Overdiagnosis and a lack of an affordable healthcare system is due to an over emphasis on drug and technological solutions, which contributes approximately 15%–18% to the health of people; ’Social’ (diet, education, exercise) and environmental (polluted air, food and water) issues having the biggest impact on health and quality of life as defined by WHO.

This pattern was echoed in a report by National Academy of Sciences 2016:

‘why despite a higher expenditure than any other country have we achieved less health?’

‘a major reason lies in the fact that the foci of our attention, our resources and incentives are too narrow our investments… are directed to narrow biomedical (focus).’

This Project carried out by me with Latino community in a social and economically deprived part of London, using indigenous food and values of community to improve health as well as reduce obesity. This has the potential to be a sustainable community led initiative that recognises the heritage and expertise that exists within these communities. This runs counter to the top down approach that leads to low value care

Why have drug and technological interventions been privileged over social and environmental solutions?

Since roughly late 1800s in (in the west) Disease was seen as a ‘thing’ in its own right, with a recognisable mechanism and predictable clinical course. This ‘disease’ carrying out its rampage on the patient regardless of his/her original health status or environment they live in.
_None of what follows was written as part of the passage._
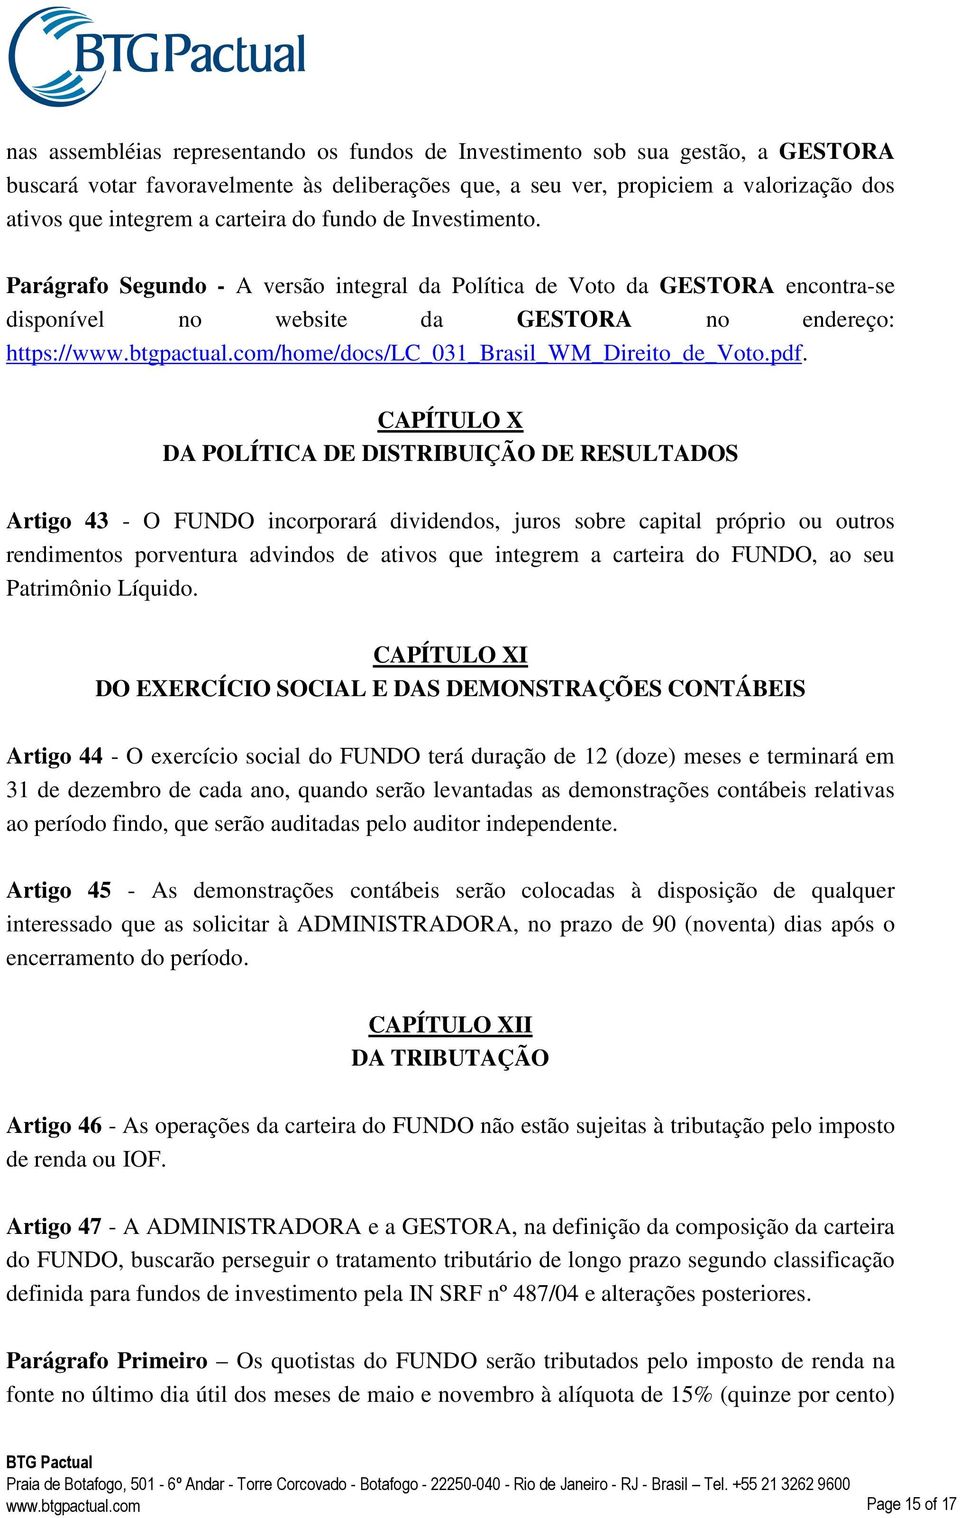 com/home/docs/lc_031_brasil_wm_direito_de_voto.pdf.

Medical technology (which we know can be so misleading and problematic) grew up around this to reinforce the identity and status of ‘being’ of the disease. This enabled a reinforcing of power structures normally [‘white’] men and medical/political/economical hierarchies, to battle the terrible ‘beings’ from the ‘barbaric ‘ and ‘dirty east’. This led to disregard of the individual health status or environment the person lived in, hence a neglect at looking at solutions such as peoples original nutritional status, housing conditions or access to adequate sanitation.

Primary Care as conceived in 1978 at the time of the WHO Alma Alta was a declaration of Philosophy of health to meet the community’s needs (not business or political). Primary health Care was meant to be designed and built with community participation

This project shows health problems as complex ecological systems, where context matters, with multiple solutions that can change in emphasis based on time and place.